Bush's ability to rally international support against Iran has been diminished by a US Intelligence report that Tehran abandoned its nuclear weapons program in 2003.
Turning his attention to the Israeli-Palestinian peace process, Bush said, "We are also standing against the forces of extremism in the Holy Land, where we have new cause for hope. Palestinians have elected a president (Mahmoud Abbas) who recognizes that confronting terror is essential to achieving a state where his people can live in dignity and at peace with Israel.

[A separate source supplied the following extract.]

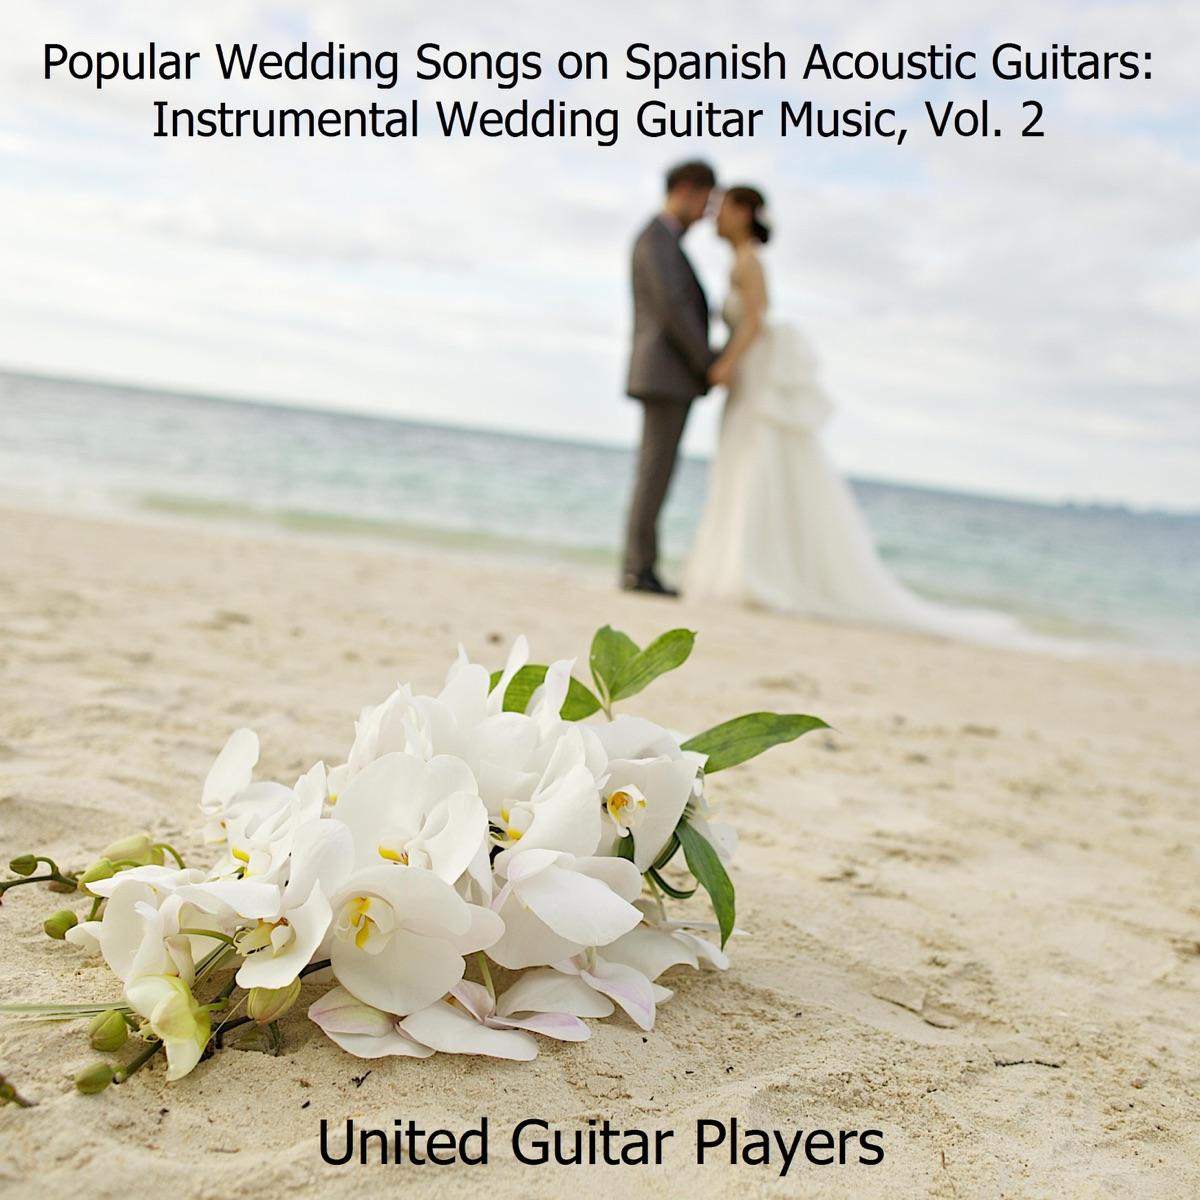 Popular Wedding Songs on Spanish Acoustic Guitars

Israelis have leaders who recognize that a peaceful, democratic Palestinian state will be a source of lasting security.
"This month in Ramallah and Jerusalem, I assured leaders from both sides that America will do, and I will do, everything we can to help them achieve a peace agreement that defines a Palestinian state by the end of this year," he said. "The time has come for a Holy Land where a democratic Israel and a democratic Palestine live side-by-side in peace."
'What he offered was more of the same'
On Iraq, Bush was in a better position than a year ago, when he implored skeptical Americans to embrace his plan to send thousands more troops to Iraq.
"Our enemies in Iraq have been hit hard," he said. "They have not been defeated, and we can still expect tough fighting ahead."
He announced no new troop reductions despite continuing calls from Democrats for a withdrawal timetable, something polls show most Americans want as well.
Bush's seventh State of the Union speech was a chance to set the tone for his waning months in the White House and try to salvage his frayed legacy before he leaves in January 2009.
Sandwiched between Saturday's Democratic presidential primary in South Carolina and Tuesday's Republican contest in Florida, Bush will struggle to make himself heard above the growing din of the 2008 election campaign.
Democratic White House hopefuls Sens. Hillary Clinton and Barack Obama attended the speech but Republican Sen. John McCain was campaigning in Florida where voters will choose their preference for the Republican nominee on Tuesday.
"What he offered was more of the same—a frustrating commitment to the same failed policies that helped turn record surpluses into large deficits, and push a thriving twenty-first century economy to the brink of recession," Clinton said.